For nodes with public IP, it is unclear whether they will use the other party's Announce address to ping back after the initial connection. If they do and will update the node's address based on this result, then these nodes will briefly stay in the list displayed as internal IPs before updating to public IP addresses. This way, when other nodes connect later, they can connect through their public IP addresses.
For nodes without public IP, the server node cannot connect by pinging the other party's Announce address, and can only connect through the internal IP of its own gateway, so they will remain in the list displayed as internal IPs. These nodes cannot be shared with other nodes.

Optimizing download speed#

If you want to read files through CID, you should first choose a faster gateway. Using the ipfs.io gateway to obtain files is the most reliable, but due to connection issues, the speed may be very slow.

If you want to send files through CID, you must ensure that the gateway used by the other party is in the connection list of the current file instance, so maintaining a list of fast gateways is very important. Adding these gateways to your Peering.Peers will greatly improve your file publishing speed.

Upgrading IPFS#

For major version upgrades, you need to use the fs-repo-migrations tool. Refer to the documentation for instructions; it's just two steps: back up the .ipfs directory and run the fs-repo-migrations command. Before this, you need to stop the IPFS service.

IPFS Desktop#

Install IPFS Desktop on Windows 10, which is installed by default in the user directory C:\Users\Milton\AppData\Local\Programs\IPFS Desktop. After installation, the program directory is 265MB.
The data directory is located at C:\Users\Milton.ipfs, with the same format and content as go-ipfs. There are two IPFS Desktop processes running in the background, and two ipfs processes, consuming about 500MB of memory in total.

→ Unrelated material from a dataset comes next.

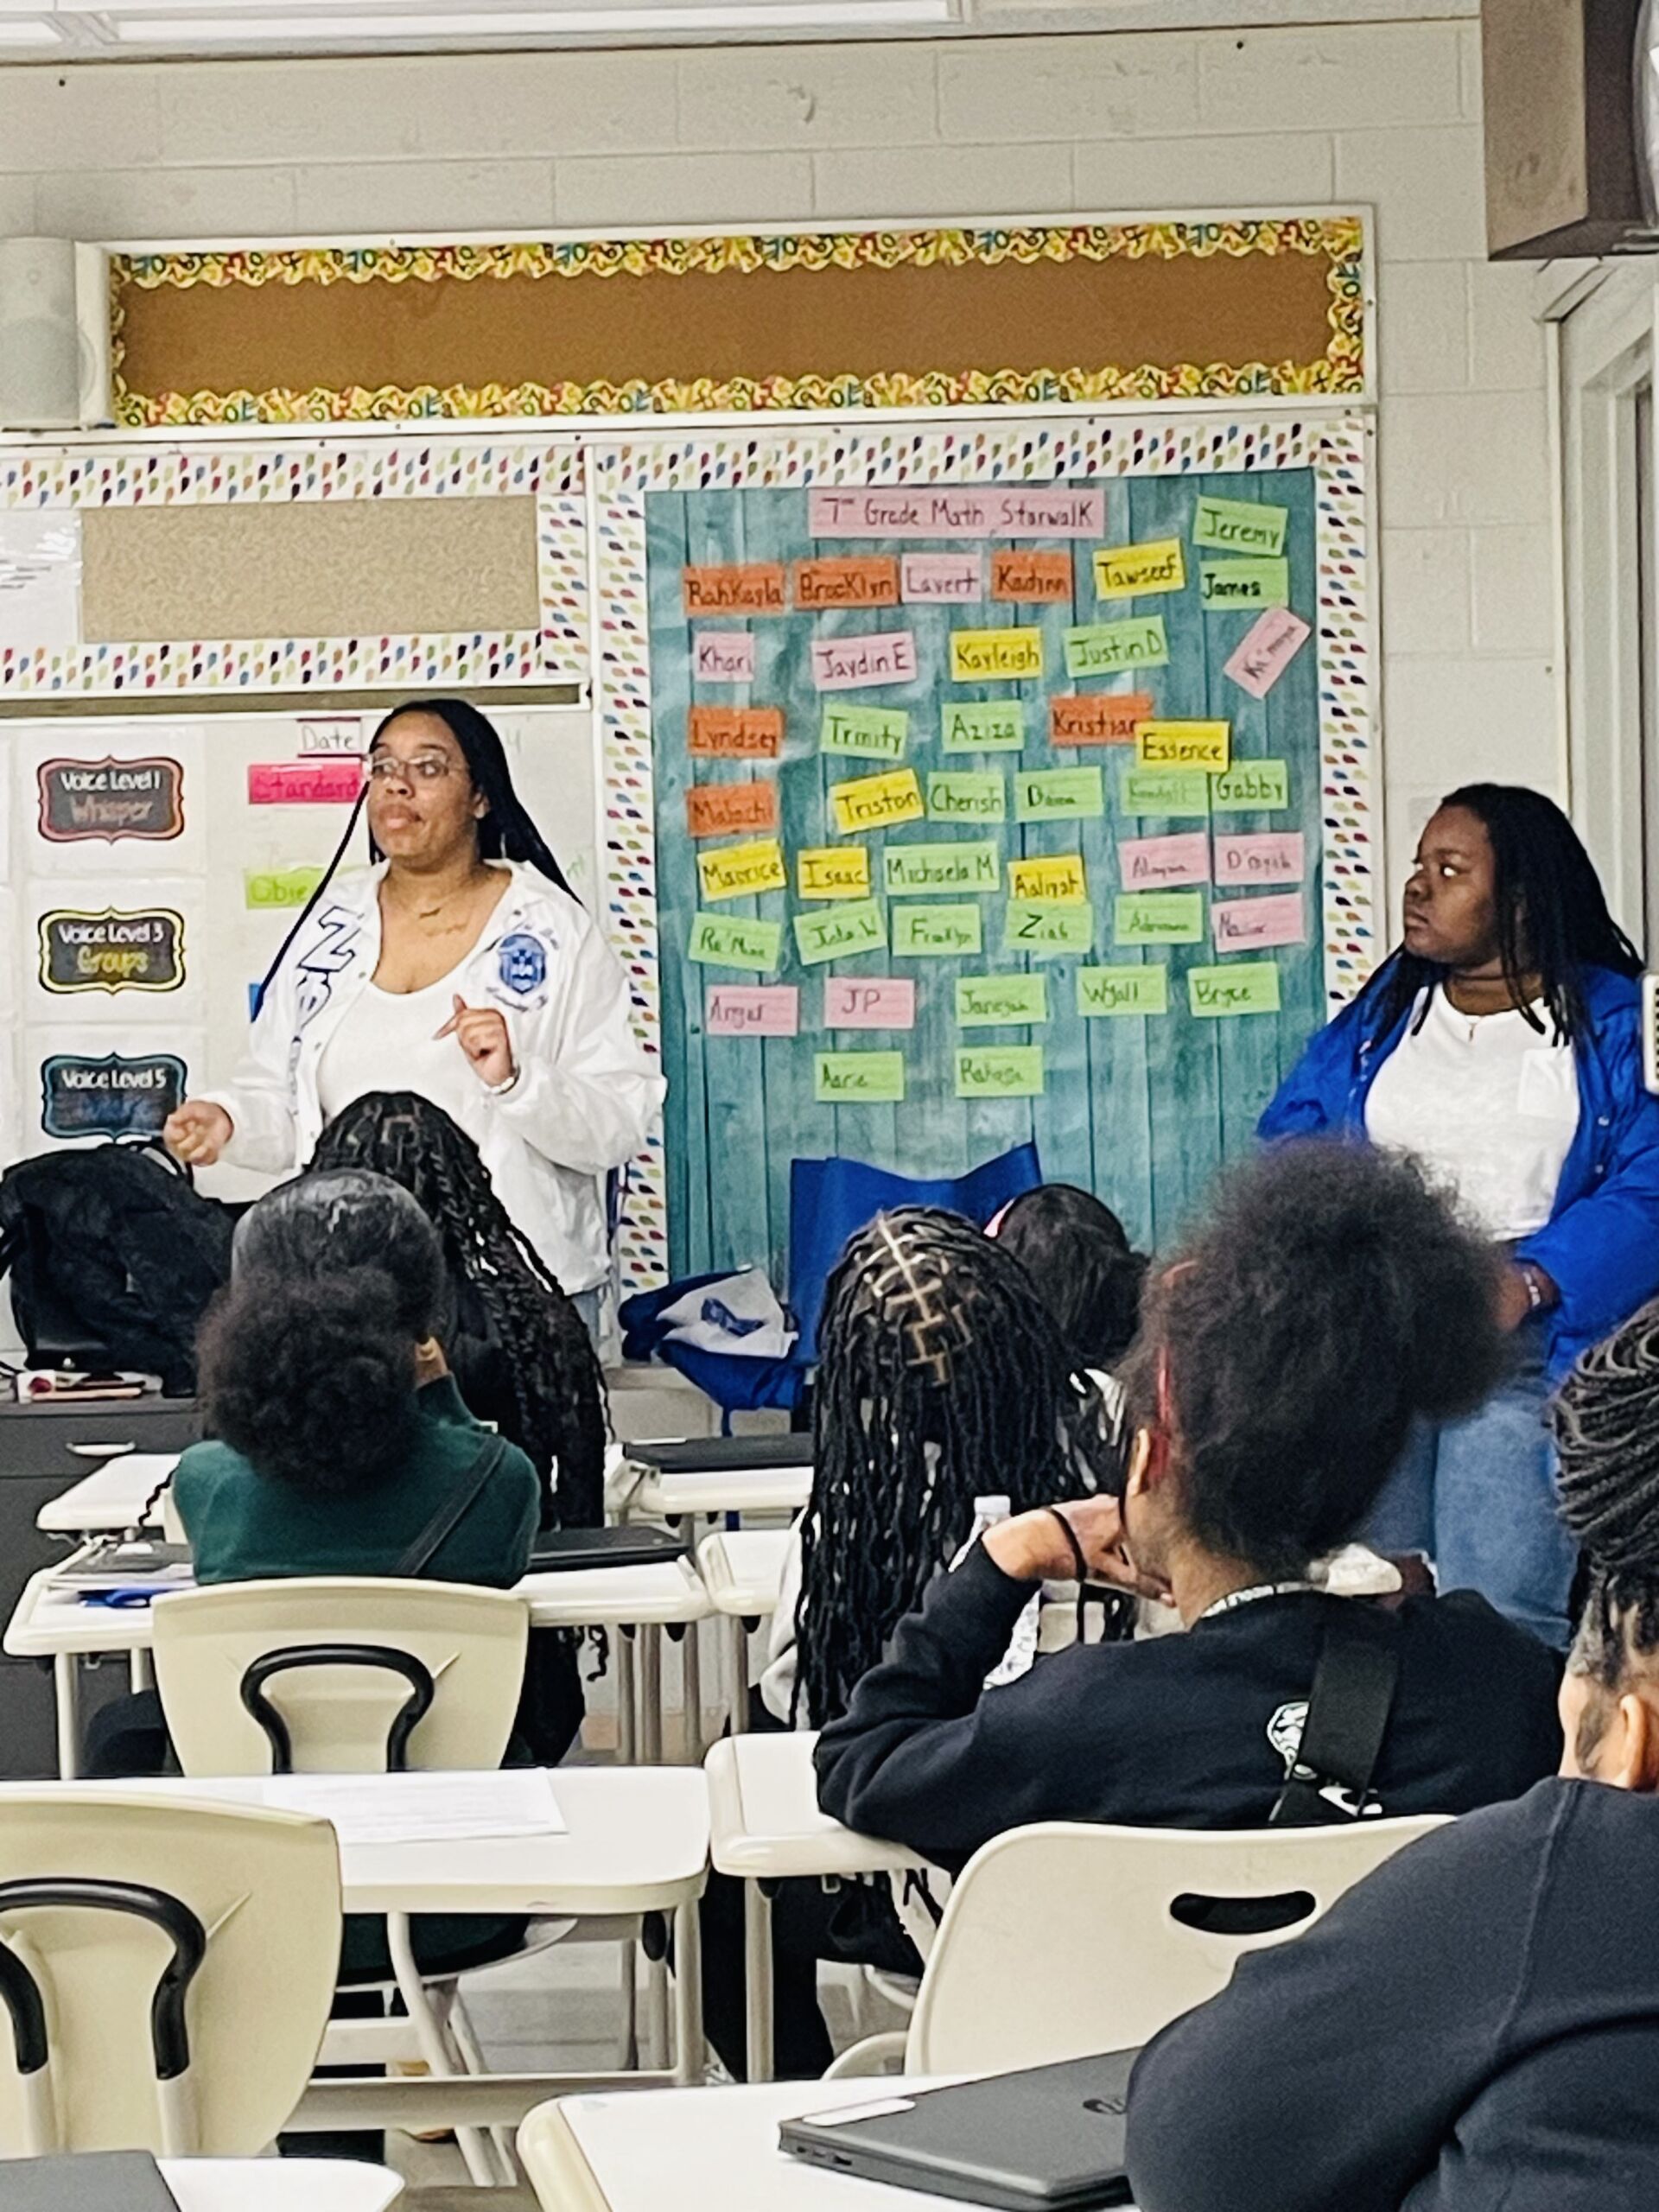 Two young Black women stand at the front of a middle school classroom. They are wearing blue and white Zeta Phi Beta sorority swag.

The status window is actually a webview displaying the content of the webui.

The configuration only changes the water level to 50, 300, while everything else remains the same.

Resources can be accessed if they exist (cached) on directly connected nodes; otherwise, they cannot be accessed.

IPFS Private Network and Cluster#

Refer to https://labs.eleks.com/2019/03/ipfs-network-data-replication.html

Run IPFS as a service, with automatic startup on boot.

# Create service file
sudo vi /etc/systemd/system/ipfs.service
 
# File content
[Unit]
Description=IPFS Daemon
After=syslog.target network.target remote-fs.target nss-lookup.target
[Service]
Type=simple
ExecStart=/usr/local/bin/ipfs daemon --enable-namesys-pubsub
User=root
[Install]
WantedBy=multi-user.target
# End of file content
 
# Add service
sudo systemctl daemon-reload
sudo systemctl enable ipfs
sudo systemctl start ipfs
sudo systemctl status ipfs

Add IPFS Cluster as a service.

# Create service
sudo nano /etc/systemd/system/ipfs-cluster.service
 
# File content start, note that After includes the ipfs service to ensure the startup order
[Unit]
Description=IPFS-Cluster Daemon
Requires=ipfs
After=syslog.target network.target remote-fs.target nss-lookup.target ipfs
[Service]
Type=simple
ExecStart=/home/ubuntu/gopath/bin/ipfs-cluster-service daemon
User=root
[Install]
WantedBy=multi-user.target
# End of file content
 
# Add to system services
sudo systemctl daemon-reload
sudo systemctl enable ipfs-cluster
sudo systemctl start ipfs-cluster
sudo systemctl status ipfs-cluster

Application scenarios of IPFS#

Through practical testing, for IPFS nodes in the public network, once a connection is established, the speed of CID publishing and reading is very fast. Excluding the network's inherent latency, the time from request to the start of transmission is basically within 2 seconds, and the transmission speed depends on the bandwidth between the two points.

The indexing form of IPFS content is very suitable for file sharing among teams, as each modification generates an index change, allowing for version control. The distributed file access points and download points facilitate cluster scalability, and the caching feature can reduce the impact of hot data on bandwidth resources.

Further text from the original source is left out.